Omit every picture and return the rest of the data unaltered.
-- Given data follows --
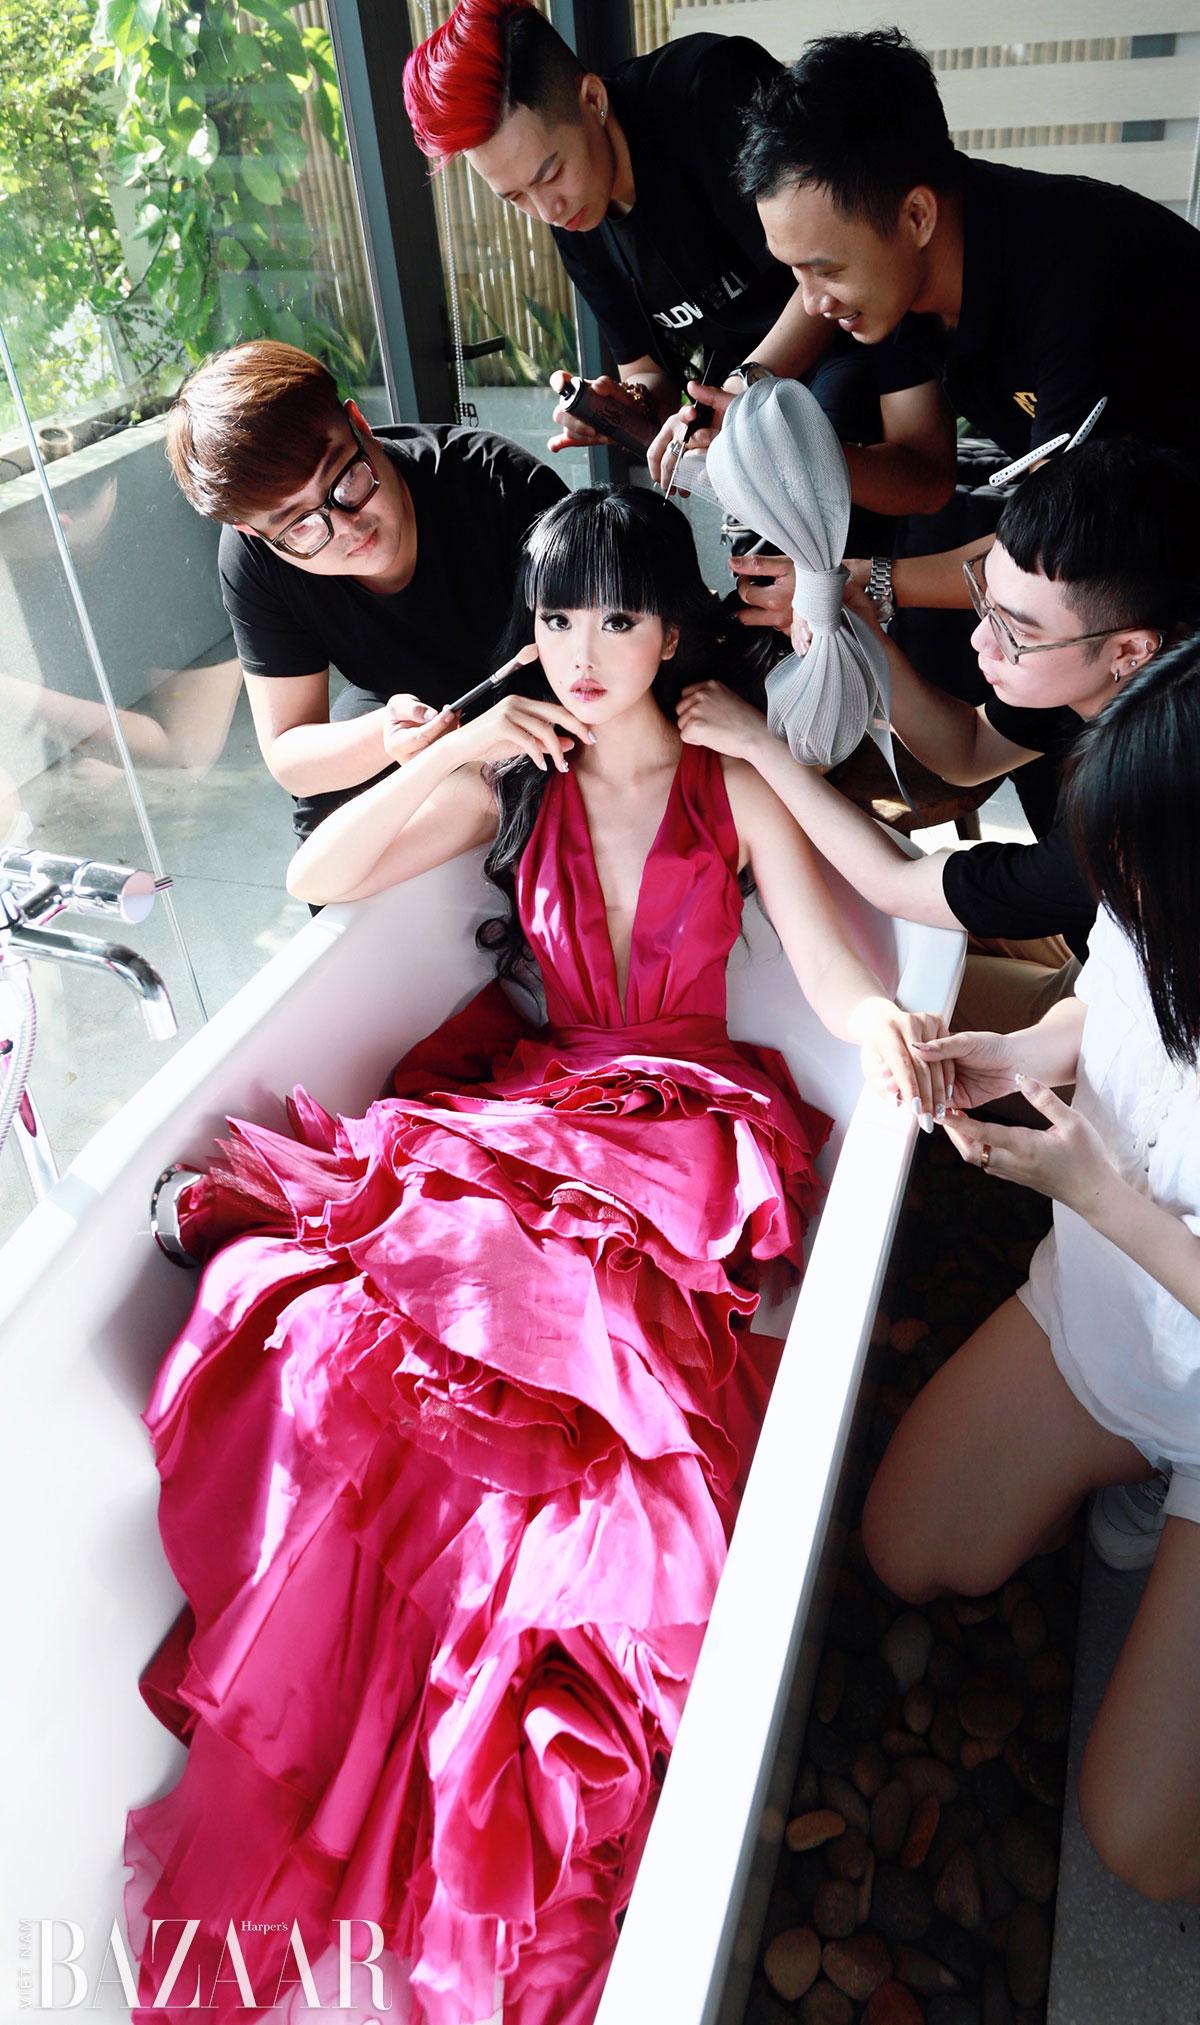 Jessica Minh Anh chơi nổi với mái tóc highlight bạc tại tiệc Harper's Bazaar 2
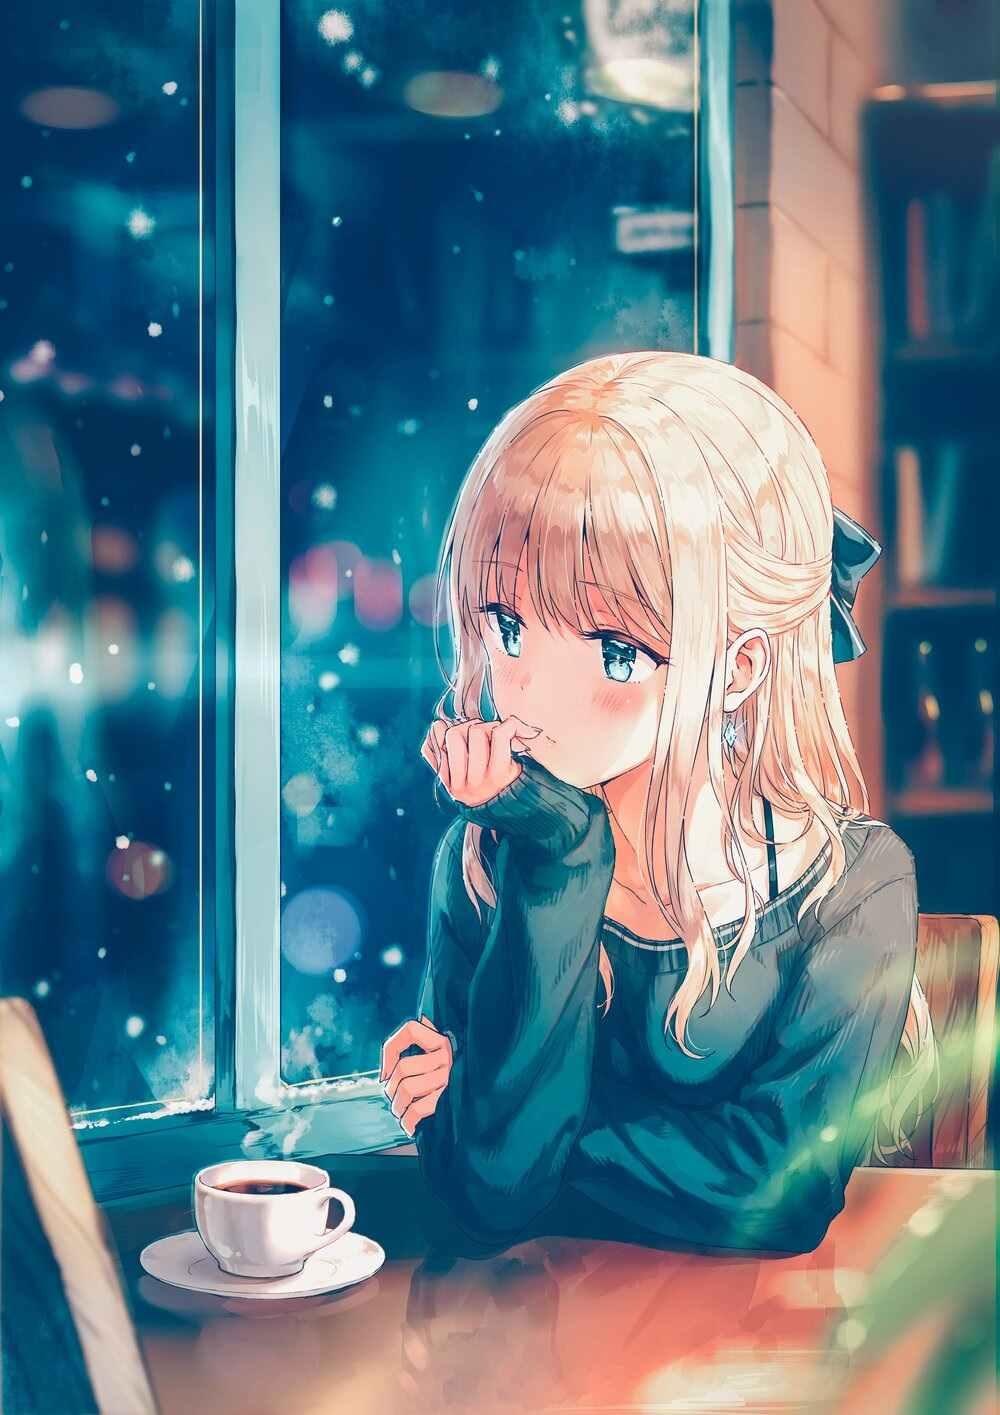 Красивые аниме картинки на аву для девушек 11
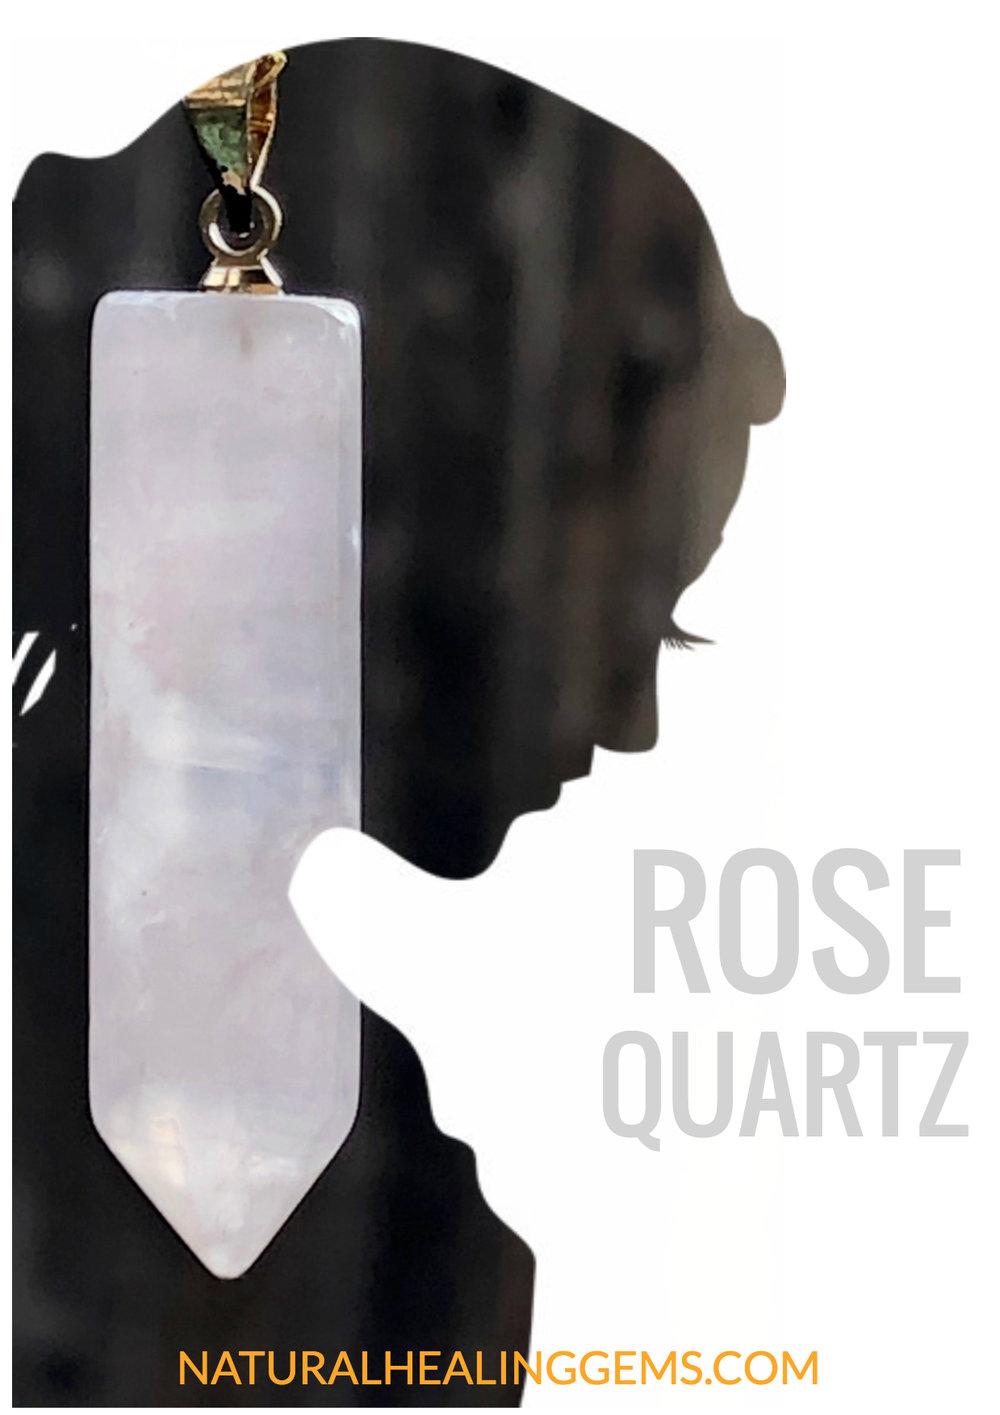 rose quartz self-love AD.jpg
-- Given data concluded --
**Written response**
 Jessica Minh Anh chơi nổi với mái tóc highlight bạc tại tiệc Harper's Bazaar 2
 Красивые аниме картинки на аву для девушек 11
 rose quartz self-love AD.jpg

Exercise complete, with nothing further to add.